This book started so small, so small, with such a simple idea of a father and his two little children walking across the desert toward Kabul, and it just
kept snowballing. And I had this particular image of this trunk of a tree with all these branches that went everywhere -- it wasn't a conscious decision to
say I'm going to go France now, and then Greece, it just sort of developed organically that way. I wanted to see how far this story echoed and how many
lives it could touch. I was excited to explore that.
You're also experimenting with style and structure. Each chapter shares a unique perspective from a different character but is connected to the overall
mosaic. One chapter is in the form of a letter, another is a magazine interview, and most resemble short stories. Why break with traditional form and
employ an unorthodox approach for this particular novel?
I was interested in looking at people and situations from different points of view. I thought the magazine interview (set in Paris) was a perfect vehicle
to get inside the mind of this woman, a complicated poet, and get her idea of how she understands herself, her life, the world she was raised in and how
she understands her place in it.

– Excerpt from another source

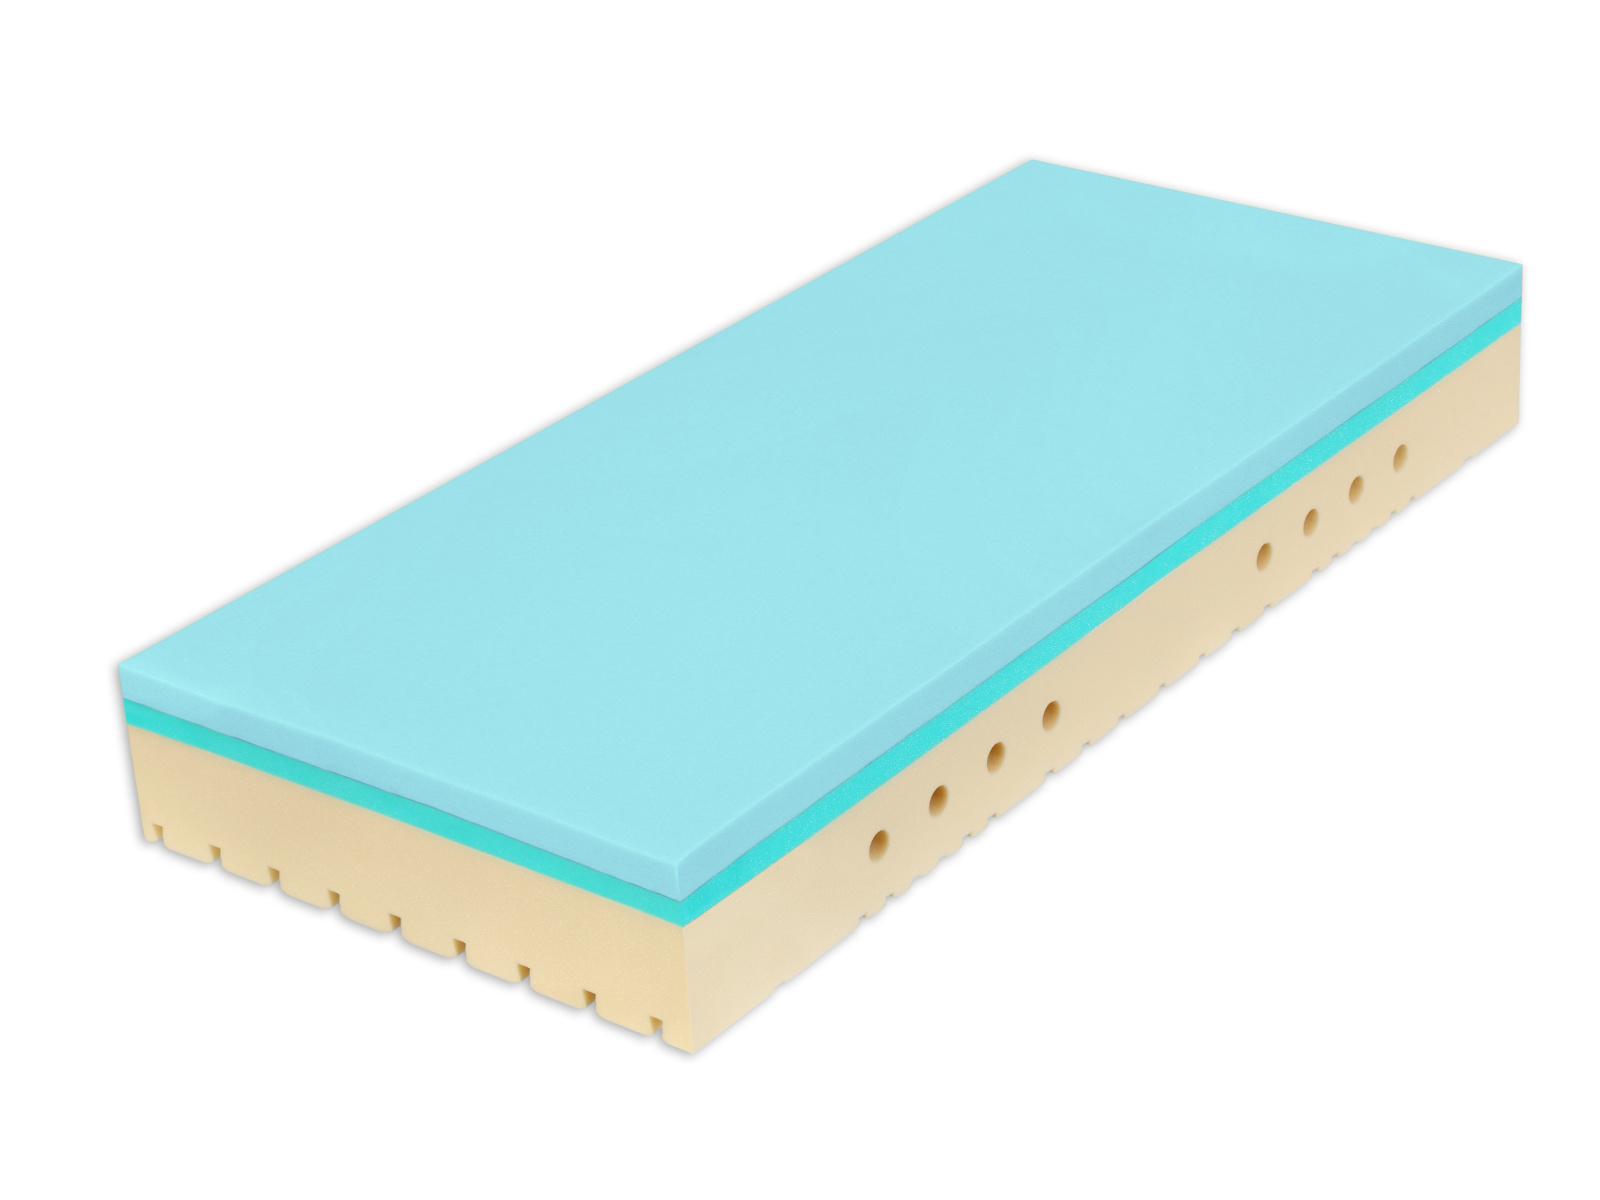 Matrace SUPER FOX BLUE Classic 90x200x22 cm, 1+1 ZDARMA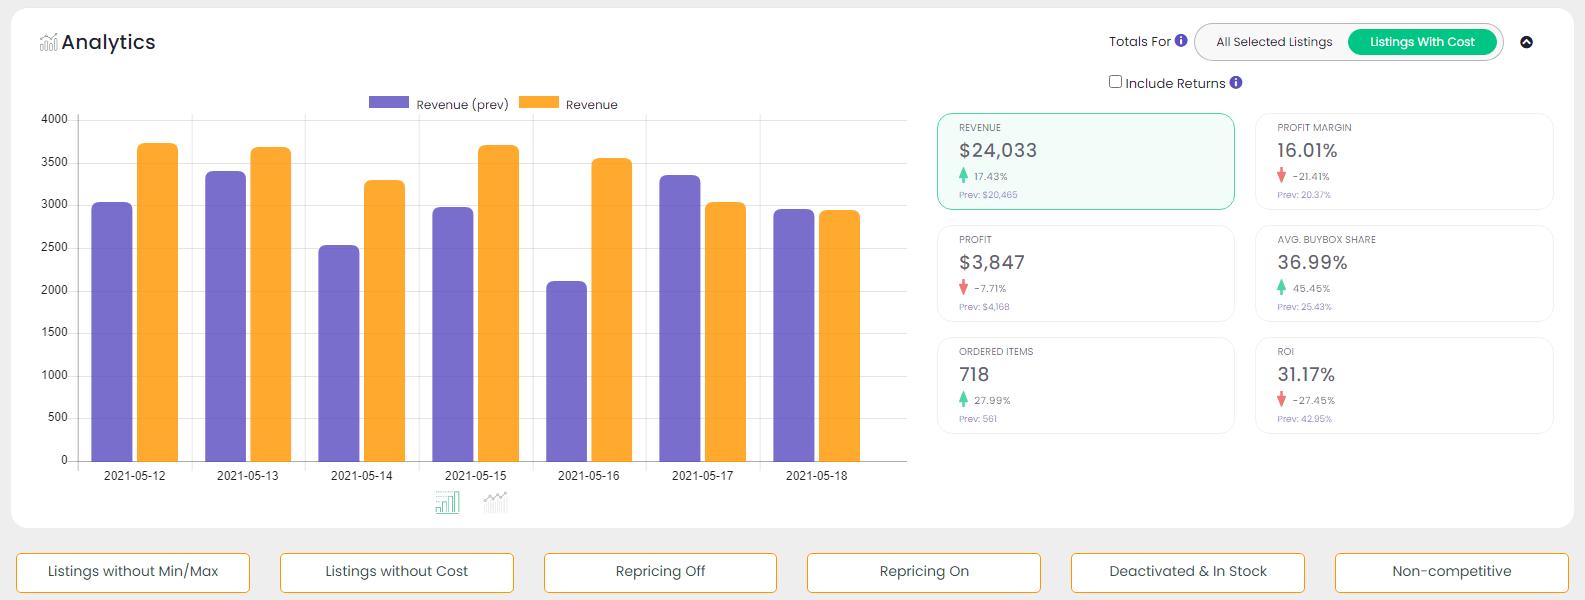 sellersnap-analytics-dashboard

Because we've seen her before in an earlier chapter, and she's been described through the eyes of her Afghan chauffer;
she's also being described by her own daughter in the later chapters. So, we have these different accounts of a single person full of contradictions and
conflicts and we get to see her from multiple angles.
This is unlike the sort of archetypal characters I wrote in Kite Runner. There weren't too many ways of interpreting those characters, like
Hassan, who was such a lovely, angelic character. But there are different ways of interpreting this woman. That's what this shifting perspective and
structure allowed me to do; see different people in different situations in different storylines from various angles.
Throughout the novel, I noticed the characters have a persistent need and search for an existing but absent love -- one that is eventually earned but
often at a burdensome cost. For most characters, it seems sacrifice is necessary to truly appreciate and understand love's reality. This reoccurs in
all your novels. What keeps drawing you to this theme?
You're right. It's something I'm drawn to. The very first chapter of this book, which is a fable, sets up questions that are raised throughout the book,
albeit in a realistic way and not an allegorical way. It begins with the notion of "family." I'm from Afghanistan, and family is so central to Afghan life.
It's the way you understand yourself, those around you, and how you perceive yourself in the world as part of this whole.
That opening fable asks what does family mean to you? To what length will you protect its unity? How far will you climb for it? How would you measure your
own personal happiness or what you owe to those around you? Are you capable of inflicting a deep, resounding loss upon yourself out of love for someone
else -- for the greater good? Also, I'm interested in the role of memory. In the fable, the div (a supernatural creature in Afghan folklore) gives
the father, Baba Ayub, a potion and relieves him of the burden and pain of remembering his son, whom the div has captured and hidden in his
fortress). This recurs at the end of the book with the character Abdullah.